If this principle is adhered to, and this statute respected, there is no evidence in this record to sustain the allegations of the answer. There is no proof taken to sustain it; none attempted in the community in which these parties lived and cohabited as husband and wife. Witnesses in that community have been called for other purposes, but they give us no proof upon the allegations of the answer.
Let us consider briefly the proof upon which these allegations rest. The answer itself prepared twenty-five years after the alleged cruelty; the statement of the father of the-wife that the husband confessed, or rather voluntarily admitted to him that he had misused his wife; the statement of the mother of the wife that the husband admitted to her that he misused his wife; the statement of the sister to the same effect. All these declarations coupled with the assertion that the husband had traveled some hundred and fifty miles to induce his wife to return to his home.

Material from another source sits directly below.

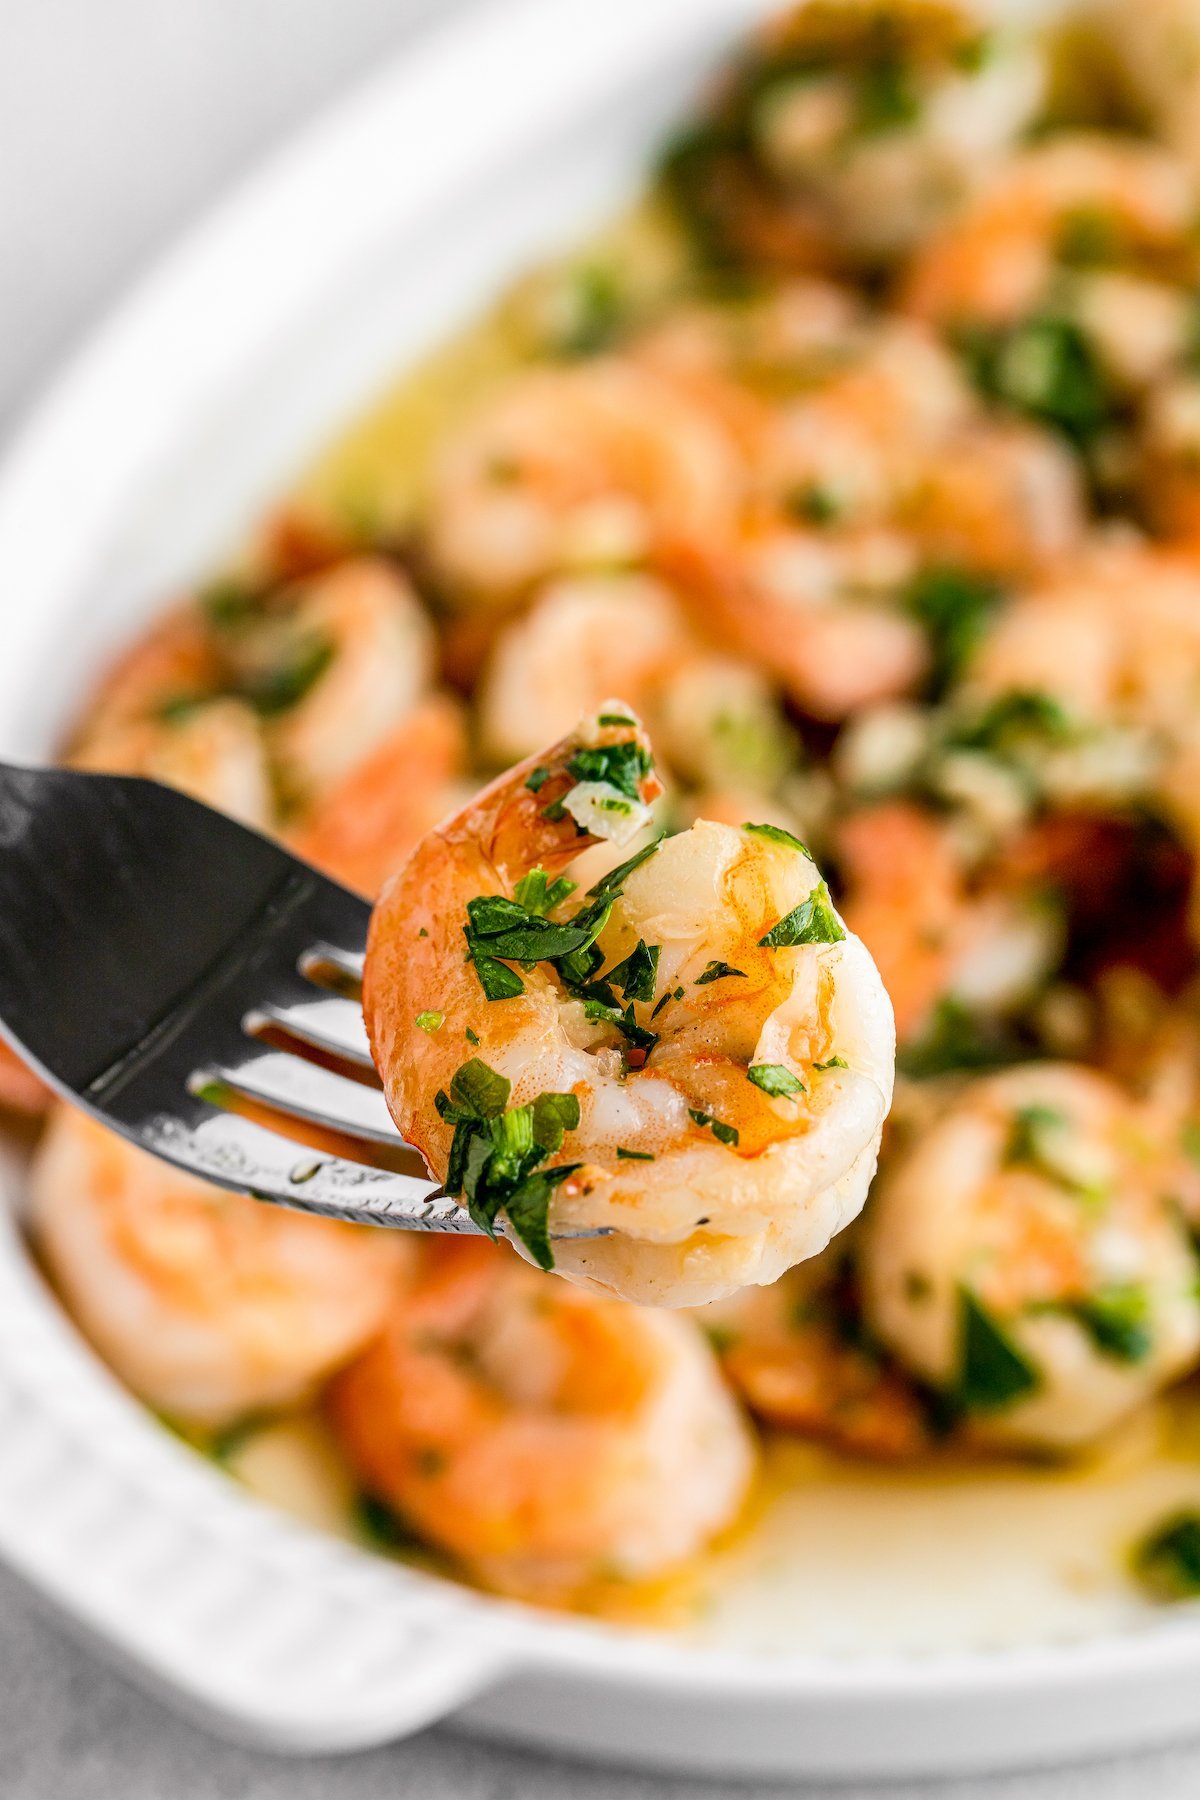 A single sauteed shrimp on a fork, held toward the camera. A plate of garlic shrimp is in the background of the shot.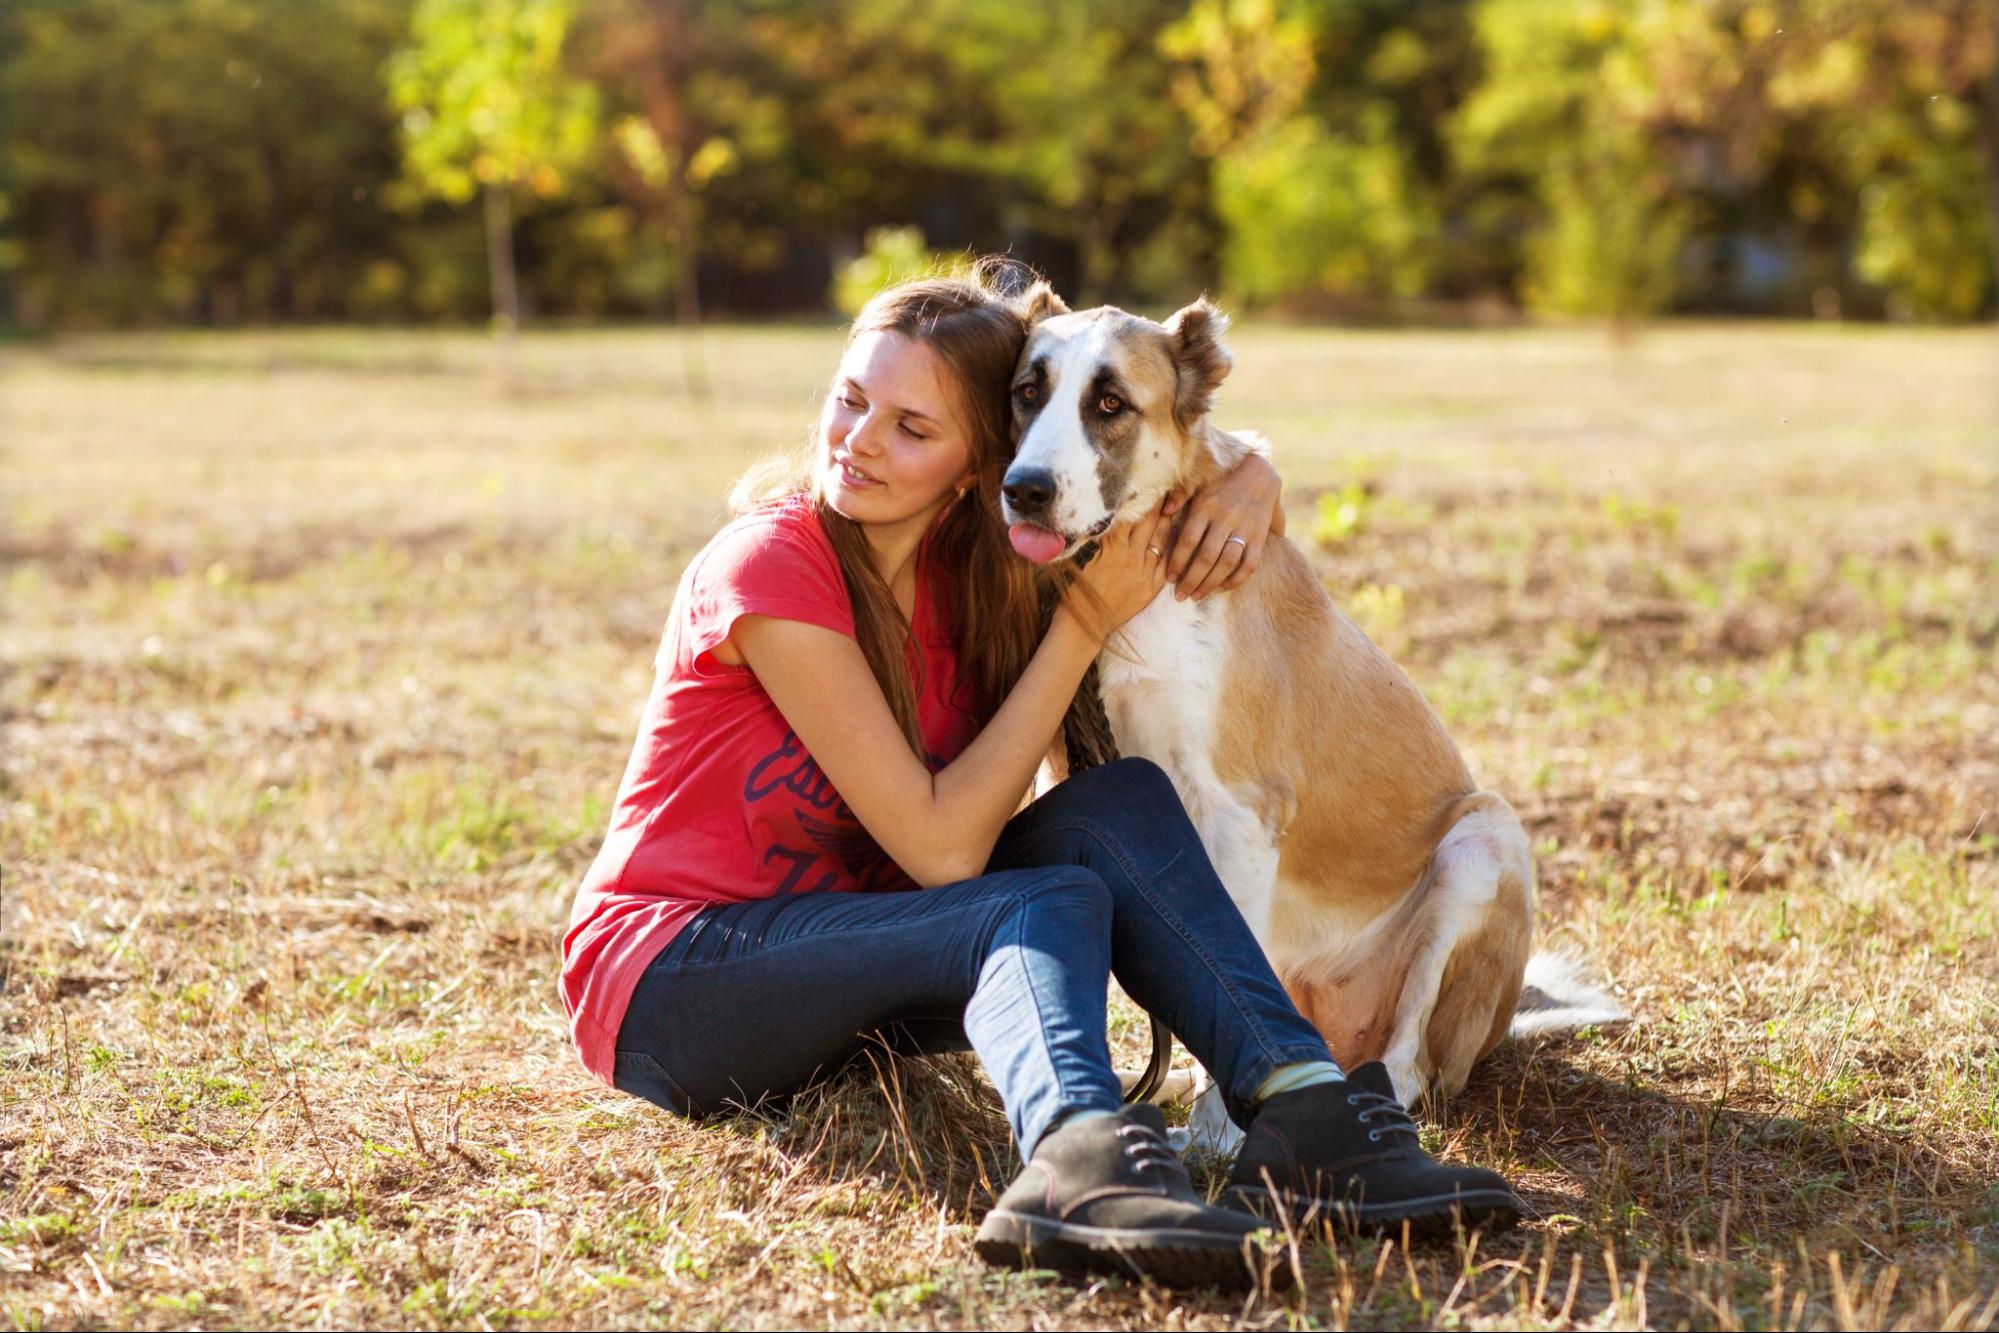 A woman hugs an older dog she adopted from a shelter. Rescue organizations and shelters have a range of dogs from young to old available for adoption.

These witnesses all say that the wife was near her confinement and showed marks of blows and pinches upon her person. These witnesses testify as to these statements twenty-six years after they are alleged to have been made. With the best intentions the most disinterested witnesses are not very much to be relied on when they undertake to detail conversations which have occurred twenty-six years before. The husband, it may be remarked, utterly denies these statements as without any foundation in fact. If he had been thus brutal and cruel to his wife, and had driven her from his home with the lash and kicked her in the abdomen shortly before her confinement, why should he *191go so far and so abase himself to her family, and make such dangerous admissions in the father’s house, in order to induce her to return to a bed and hoard where she had been so unwelcome ?
And if he did do all these things, why did the wife and her father and her mother and her sister wait for over a quarter of a century to make these things known, and take no steps to punish such a brute ? And why did no body in the neighborhood, and no inmate of his house, hear anything about it all? These are questions not easily answered.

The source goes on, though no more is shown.